What the exercise asks: Go to the line that contains "Tombow Fudenosuke Brush", then write out that line and all that follow to the end of the listing, exactly and without pictures.

Available data:
╔══

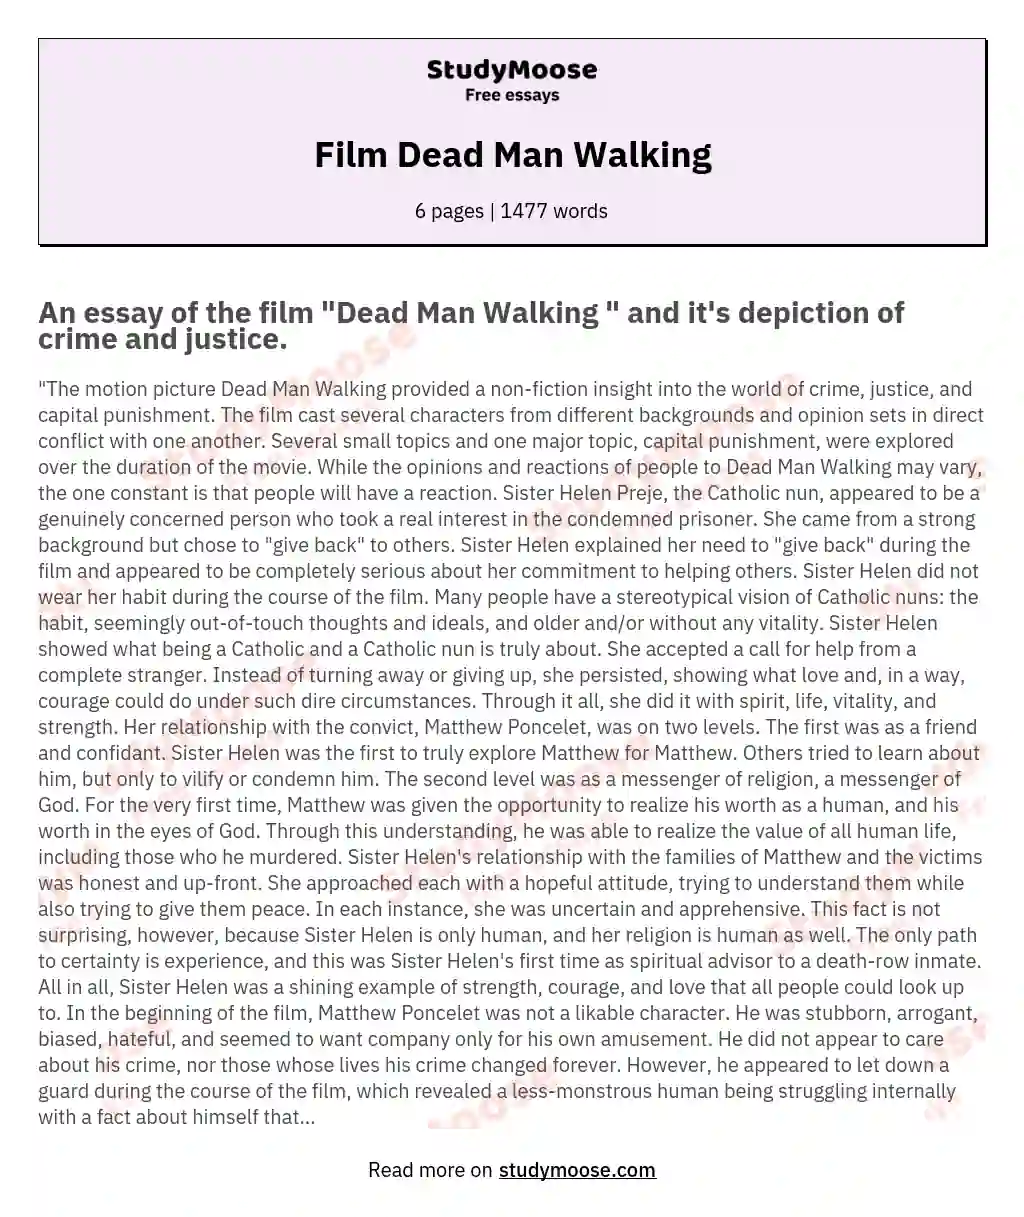 Film Dead Man Walking Free Essay Example
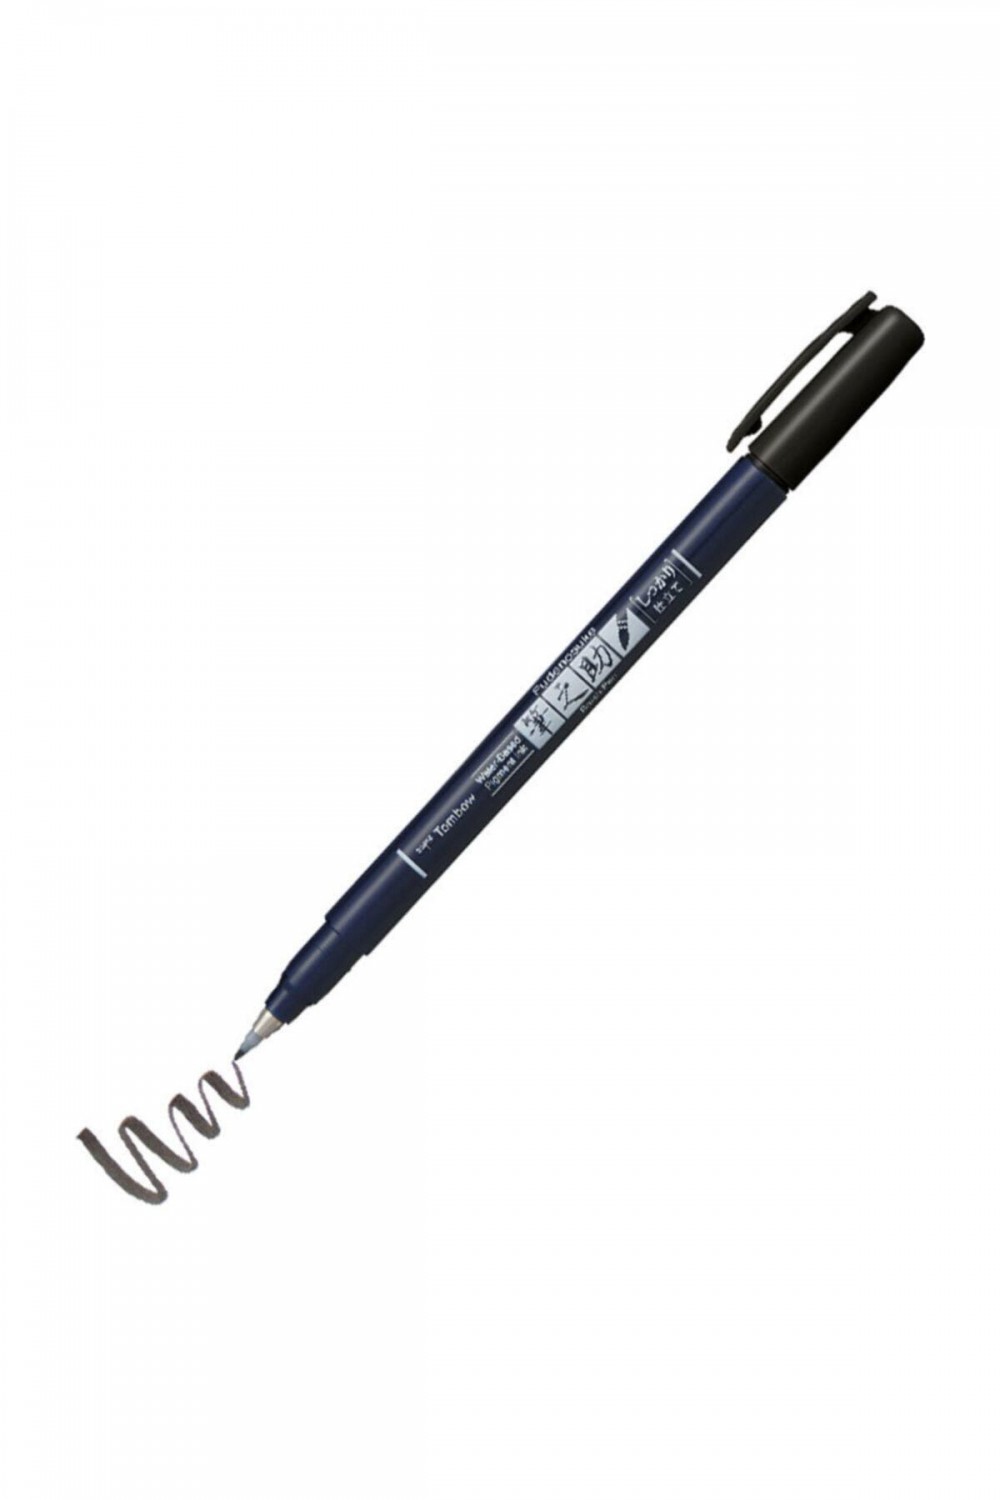 Tombow Fudenosuke Brush Pen Fırça Uçlu Kalem Sert Uç - Siyah
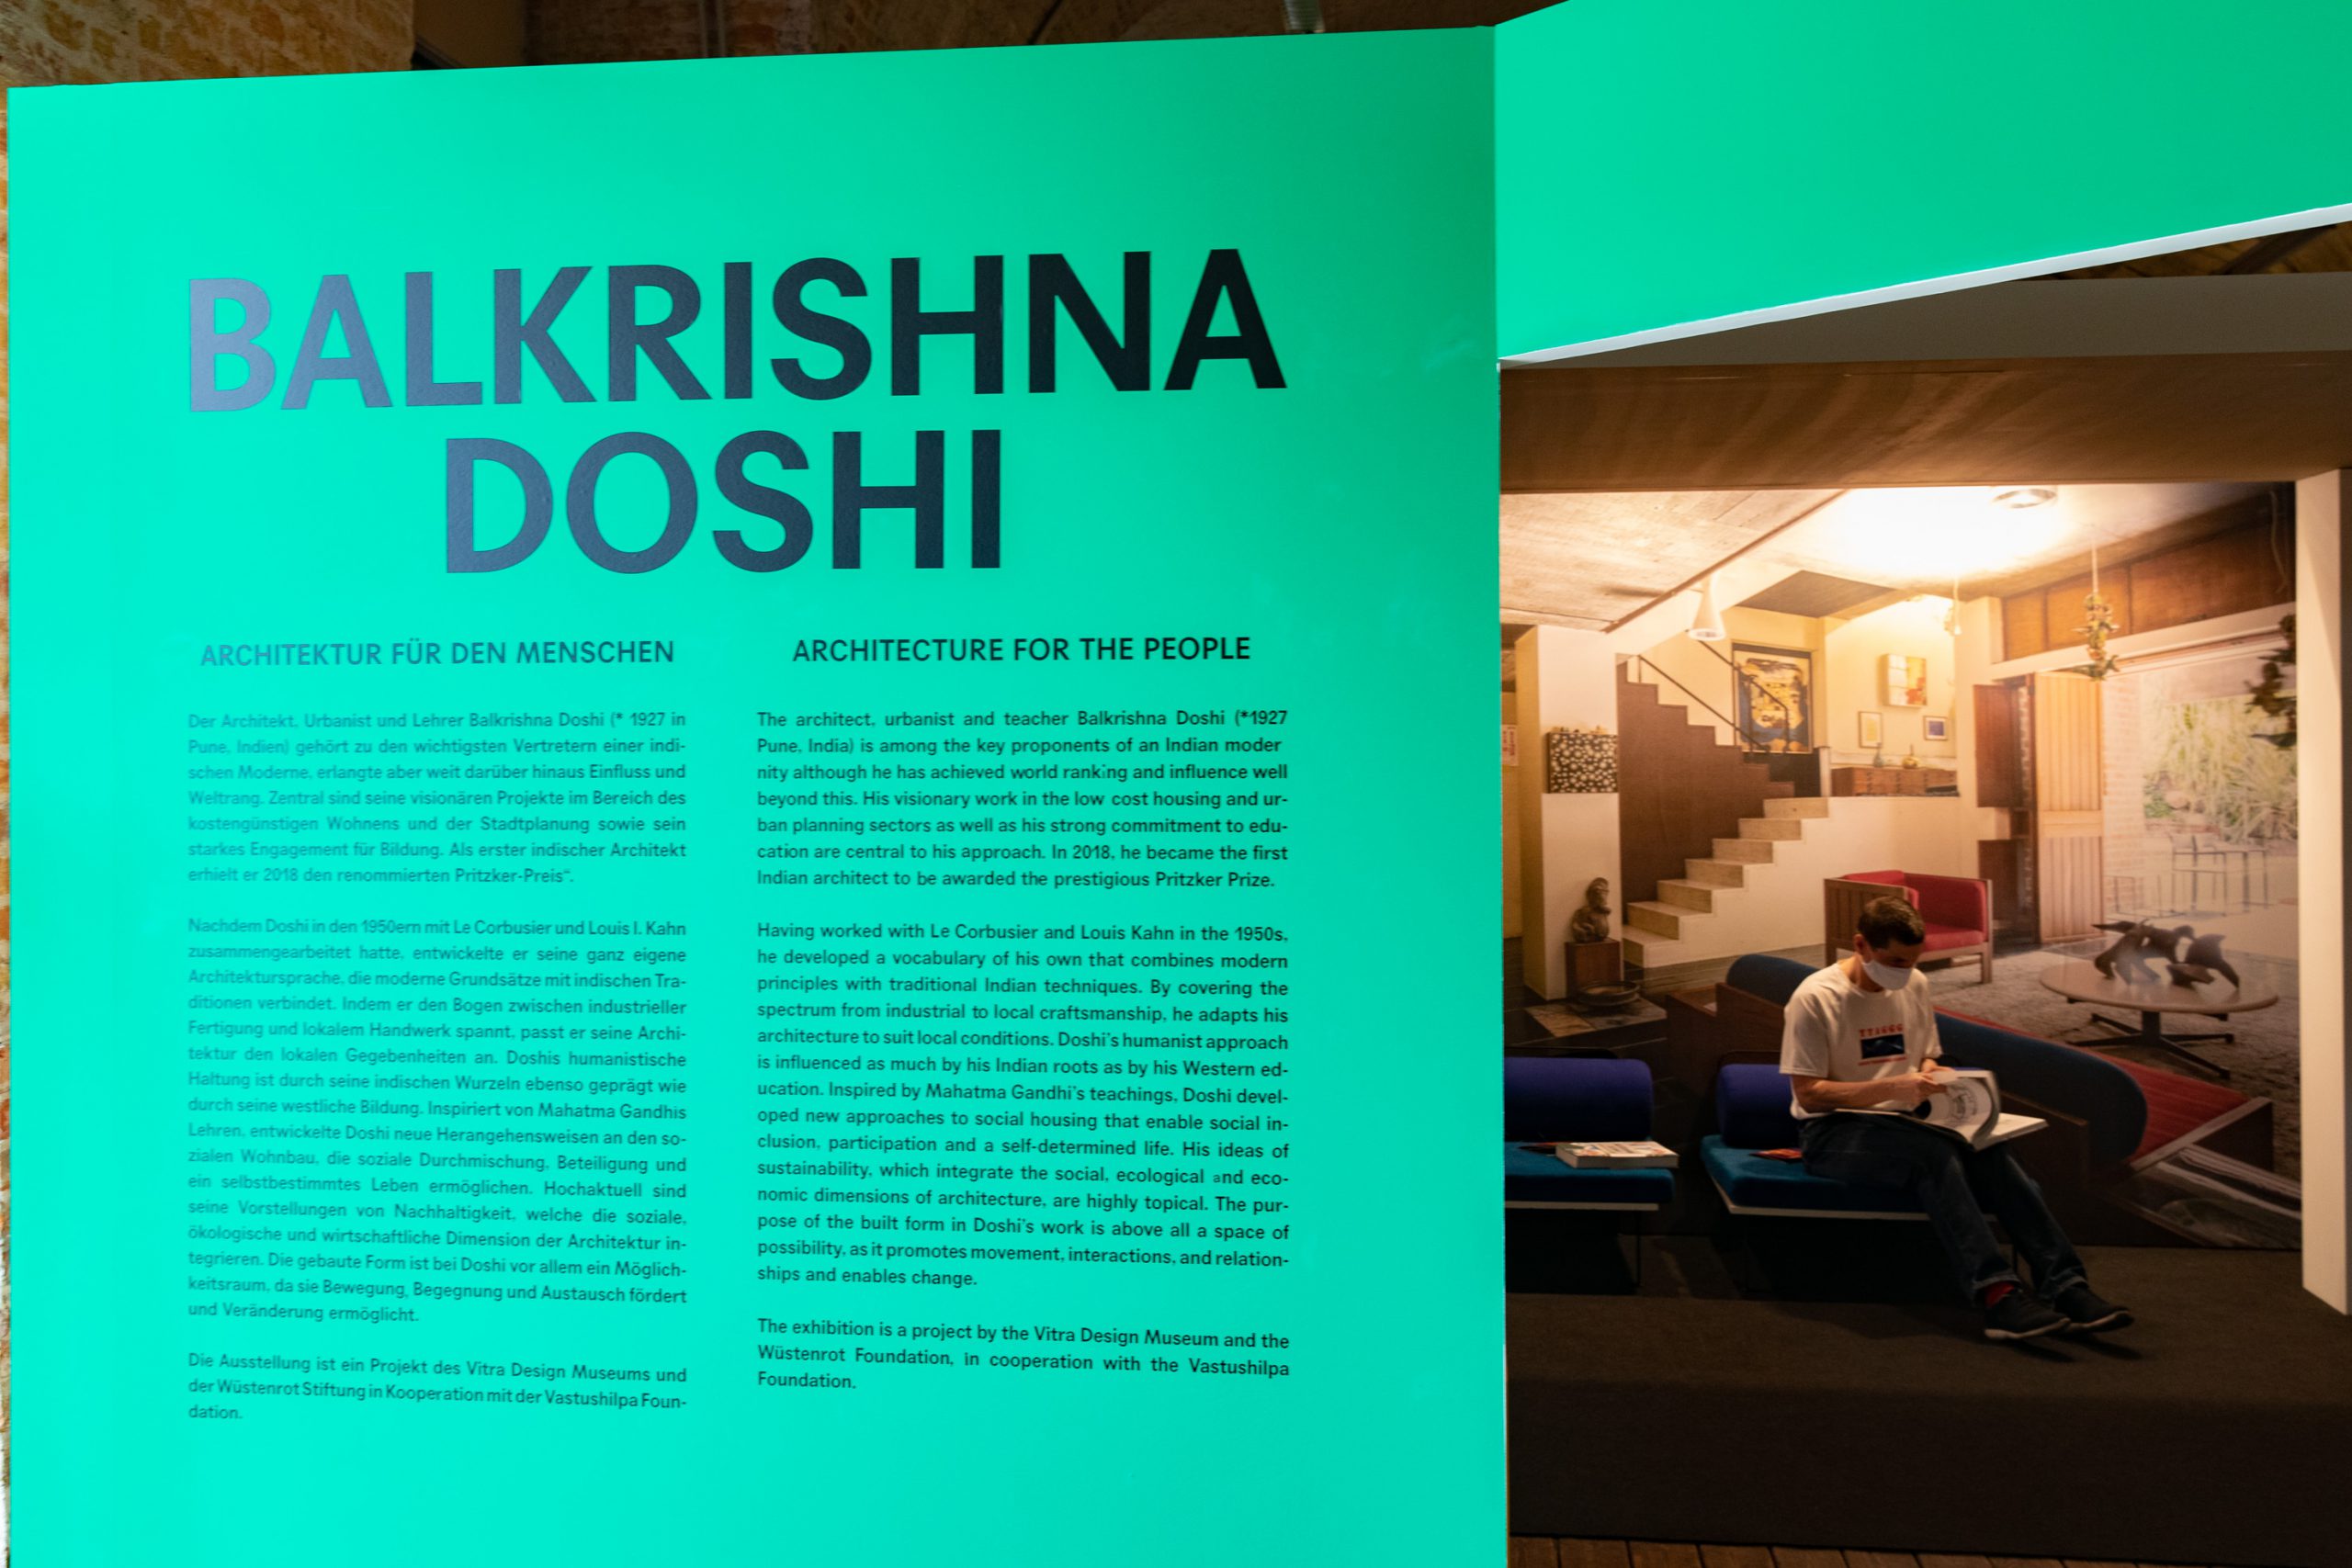 große grüne Wand mit Text über Balkrishna Doshi

╚══

Task result:
 Tombow Fudenosuke Brush Pen Fırça Uçlu Kalem Sert Uç - Siyah
 große grüne Wand mit Text über Balkrishna Doshi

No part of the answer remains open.